Temer tirou vantagem do poder do Executivo para realizar uma ampla reforma nos regimes trabalhista e de bem-estar social. Ele impôs emendas constitucionais que limitam as despesas sociais por vinte anos, abrem o mercado de trabalho para a terceirização irrestrita e “simplificam” as leis trabalhistas. E ainda está mobilizando o congresso para aprovar uma reforma da previdência social. Embora sejam apresentadas como “uma ponte para o futuro”, essas reformas mais se parecem com as emendas constitucionais experimentadas pelo governo de Fernando Henrique Cardoso – se é que não as reproduzem identicamente. Elas têm o mesmo tom das reformas propostas pelos idealistas neoliberais daquela época, e parecem especialmente anacrônicas se comparadas às recentes manifestações de insegurança e, até mesmo, remorso por parte do FMI – o maior defensor da ortodoxia econômica – quanto à sua promoção anterior de estratégias neoliberais.

Esses esforços reformistas de Temer têm como objetivo demonstrar seu valor aos aliados políticos e aos líderes empresariais que podem determinar seu destino político e, inclusive, jurídico. Além disso, reformas contínuas geram ruído, desviando o foco das várias medidas que tomou para proteger tanto a si mesmo como aos seus aliados, também acusados de corrupção. Assim, quanto mais controversas do ponto de vista social, mais úteis as reformas serão. Enquanto isso, as crescentes manifestações são contidas com uma repressão truculenta e cada vez mais militarizada, justificada pela mídia com seu alarde sobre as “provocações” e “vandalismos”.

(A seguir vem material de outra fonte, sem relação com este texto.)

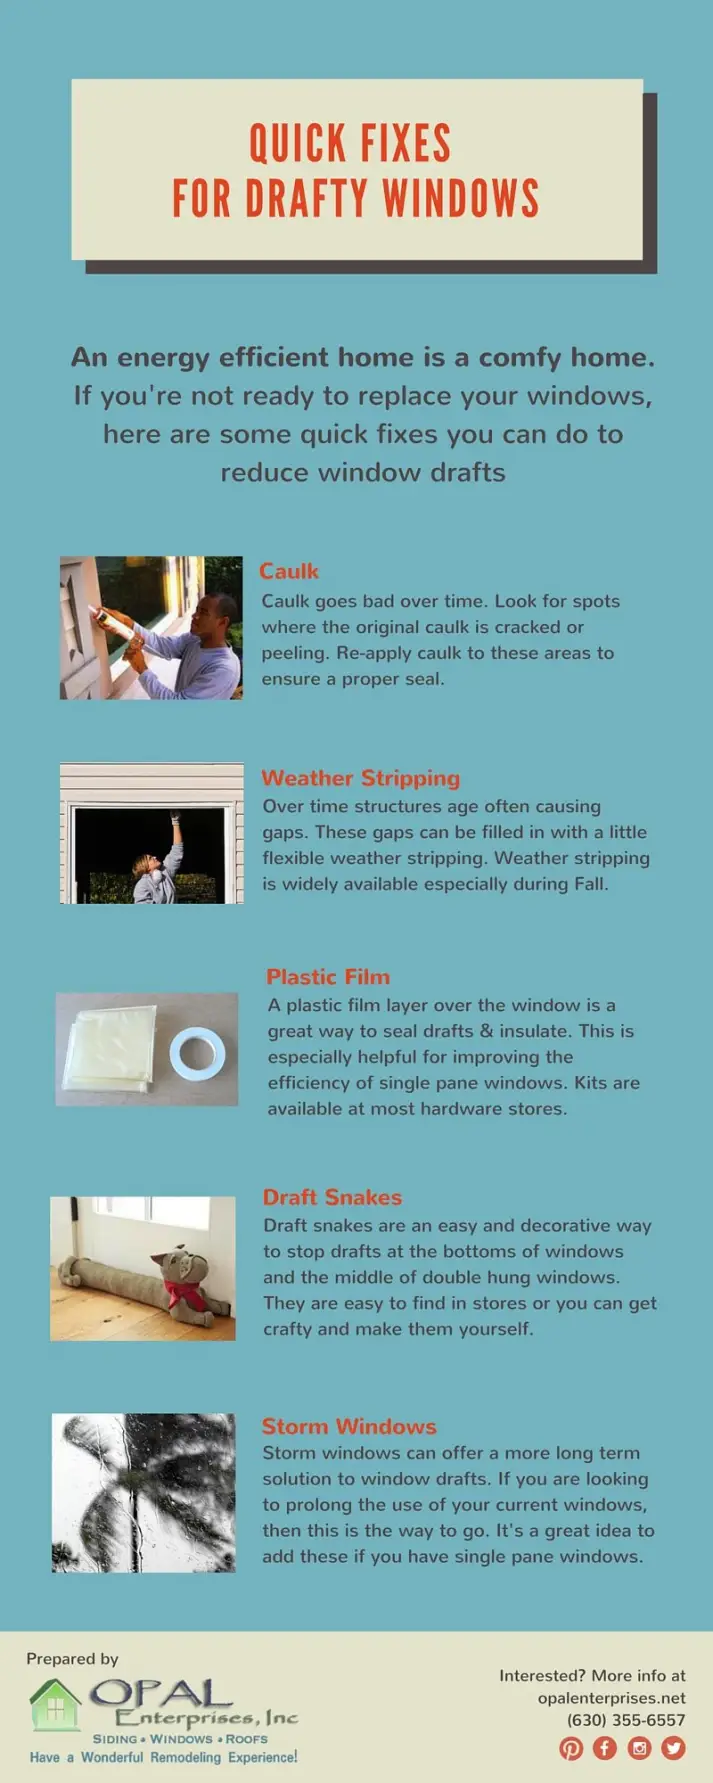 Quick Fixes for drafty windows infographic by Opal Enterprises of Naperville

Na prática, portanto, a atividade modernizante de Temer tem sido, ao mesmo tempo, uma forma de retrospecto e uma fuite en avant. Mesmo assim, seu resultado – a modernidade que ele visa – é o reforço do status quo: ele tentou “simplificar” e desregular o incipiente estado de bem-estar social brasileiro aumentando a precariedade do trabalho de baixa remuneração e a oportunidade de acumulação de capital; e, de maneira cada vez mais evidente, tem encontrado novas formas de garantir sua imunidade legal e a de seus aliados, institucionalizando ainda mais a corrupção e o subterfúgio no meio político.

Com apoio reduzido às suas reformas no congresso, Temer agora se tornou bode expiatório precisamente de grupos de interesse que já representou. Ainda assim, se mantém no poder.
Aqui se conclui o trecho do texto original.